Advanced functionality:

In most cases dlm_args should just be set to NULL. It provides the
advanced functionality, most of which is obvious (soname, nsid).
The optional premap callback allows to set the relocation address for
the solib by mapping the destination space and returning its address.
More so, if DLMEM_DONTREPLACE flag is used, then the mapping
established by the premap callback, will not be replaced with the
file-backed mapping. In that case dlmem() have to use memcpy(), which
is likely even faster than mmaps() but doesn't end up with the proper
/proc/self/map_files or /proc/self/maps entries. So for example if the
premap callback uses MAP_SHARED, then with the use of the DLMEM_DONTREPLACE
flag you can get your solib relocated into a shared memory buffer.
Note that the premap callback may be called under glibc locks, so it
should restrict itself to the syscall functionality. Certainly no libdl
functions can be used. mmap(), shm_open(), open(), ftruncate(),
memfd_create() should be the sufficient set of functions that may
ever be in use in a premap callback, but in most cases the callback
should just be disabled.


Limitations:

- If you need to load the solib from anonymously-mapped buffer, you need
  to use MAP_SHARED|MAP_ANONYMOUS mmap flags when creating that buffer.
  If it is not possible in your use-case and the buffer was created
  with MAP_PRIVATE|MAP_ANONYMOUS flags, then DLMEM_GENBUF_SRC flag
  needs to be set when calling dlmem().
  Failure to follow that guide-line results in an UB (loader will not
  be able to properly lay out an elf segments).

- If you use a private file-backed mapping, then it shouldn't be
  modified by hands before passing to dlmem(). I.e. you can't apply
  mprotect() to it to change protection bits, and you can't apply
  memmove() to it to move the solib to the beginning of the buffer,
  and so on. dlmem() can only work with "virgin" private file-backed
  mappings. You can set DLMEM_GENBUF_SRC flag as a work-around if
  the mapping is already corrupted.
  Failure to follow that guide-line results in an UB (loader will not
  be able to properly lay out an elf segments).
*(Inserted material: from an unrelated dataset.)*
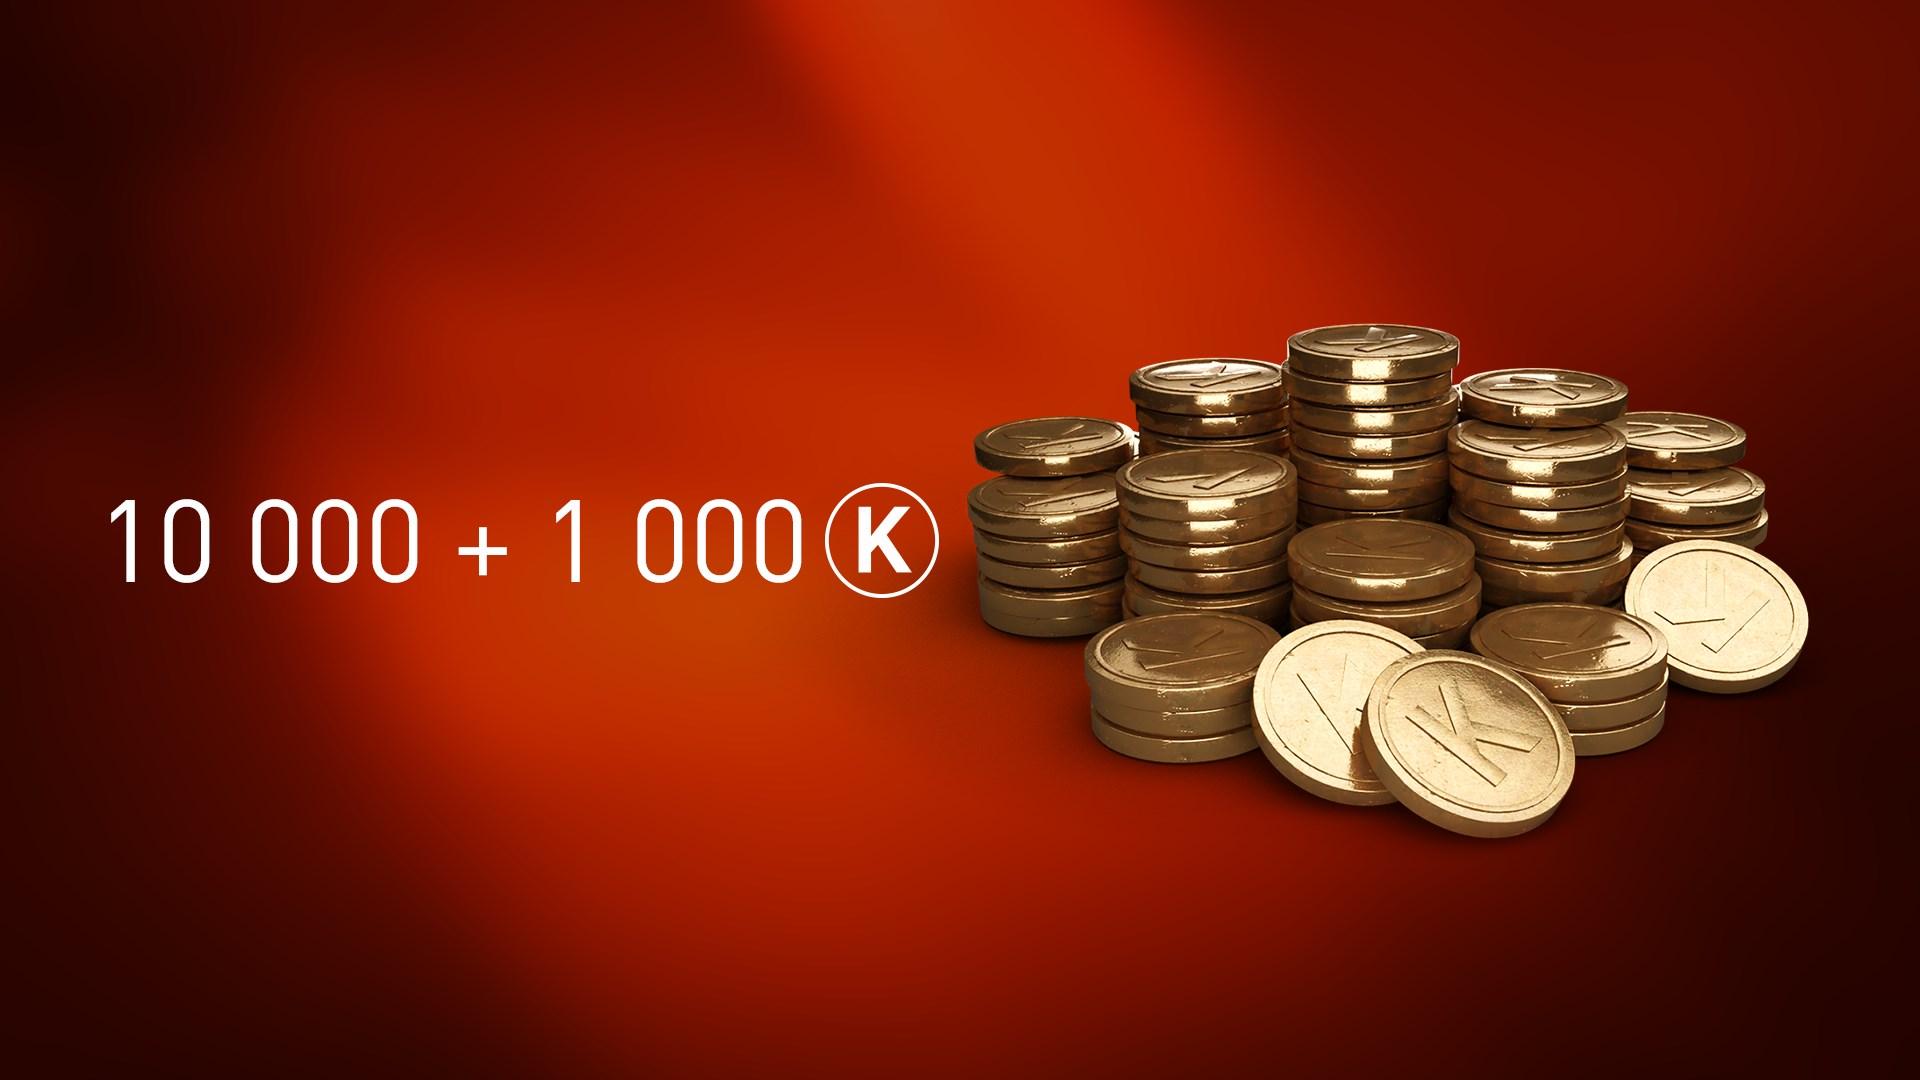 кредит 10000000000 кредитная карта райффайзенбанк 110 дней условия пользования

- The need of mapping the entire solib (with debug info etc) may
  represent a problem on a 32bit architectures if the solib has an
  absurdly large size, like 3Gb or more.

- For the very same reason the efficient implementation of Android's
  dlopen_with_offset() is difficult, as in that case you'd need to
  map the entire file container, starting from the needed offset.
  The demo implementation in this patch implements dlopen_with_offset4()
  that has an additional "length" argument where the solib length
  should be passed.

- As linux doesn't implement MAP_UNALIGNED as some unixes did, the
  efficient implementation of dlopen_with_offset4() is difficult
  if the offset is not page-aligned. Demo in this example fixes the
  alignment by hands, using the MAP_SHARED|MAP_ANONYMOUS intermediate
  buffer. The alignment cannot be fixed in an existing buffer with
  memmove(), as that will make the file-backed mapping unacceptable
  for the use with dlmem(). I suspect that google's dlopen_with_offset()
  has similar limitation because mmap() with unaligned offset is
  not possible in any implementation, be it a "direct" implementation
  or "over-dlmem" implementation.


Changes in v10:
- addressed review comments of Adhemerval Zanella
- moved refactor patches to the beginning of the serie to simplify review
- fixed a few bugs in an elf relocation machinery after various hot discussions
- added a new test tst-dlmem-extfns that demo-implements dlopen_with_offset4()
  and fdlopen()
- studied and documented all limitations, most importantly those leading to UB
- better documented premap callback as suggested by Szabolcs Nagy
- added DLMEM_GENBUF_SRC flag for unaligned generic memory buffers

Changes in v9:
- use "zero-copy" machinery instead of memcpy(). It works on linux 5.13
  and newer, falling back to memcpy() otherwise. Suggested by Florian Weimer.
- implement fdlopen() using the above functionality. It is in a new test
  tst-dlmem-fdlopen. Suggested by Carlos O'Donell.
- add DLMEM_DONTREPLACE flag that doesn't replace the backing-store mapping.
  It switches back to memcpy(). Test-case is called tst-dlmem-shm.

Changes in v8:
- drop audit machinery and instead add an extra arg (optional pointer
  to a struct) to dlmem() itself that allows to install a custom premap
  callback or to specify nsid. Audit machinery was meant to allow
  controling over the pre-existing APIs like dlopen(), but if someone
  ever needs such extensions to dlopen(), he can trivially implement
  dlopen() on top of dlmem().

Changes in v7:
- add _dl_audit_premap audit extension and its usage example

Changes in v6:
- use __strdup("") for l_name as suggested by Andreas Schwab

Changes in v5:
- added _dl_audit_premap_dlmem audit extension for dlmem
- added tst-auditmod-dlmem.c test-case that feeds shm fd to dlmem()

Changes in v4:
- re-target to GLIBC_2.38
- add tst-auditdlmem.c test-case to test auditing
- drop length page-aligning in tst-dlmem: mmap() aligns length on its own
- bugfix: in do_mmapcpy() allow mmaps past end of buffer

Changes in v3:
- Changed prototype of dlmem() (and all the internal machinery) to
  use "const unsigned char *buffer" instead of "const char *buffer".

Changes in v2:
- use <support/test-driver.c> instead of "../test-skeleton.c"
- re-target to GLIBC_2.37
- update all libc.abilist files

-- 
2.37.2


  reply	other threads:[~2023-04-13 18:59 UTC|newest]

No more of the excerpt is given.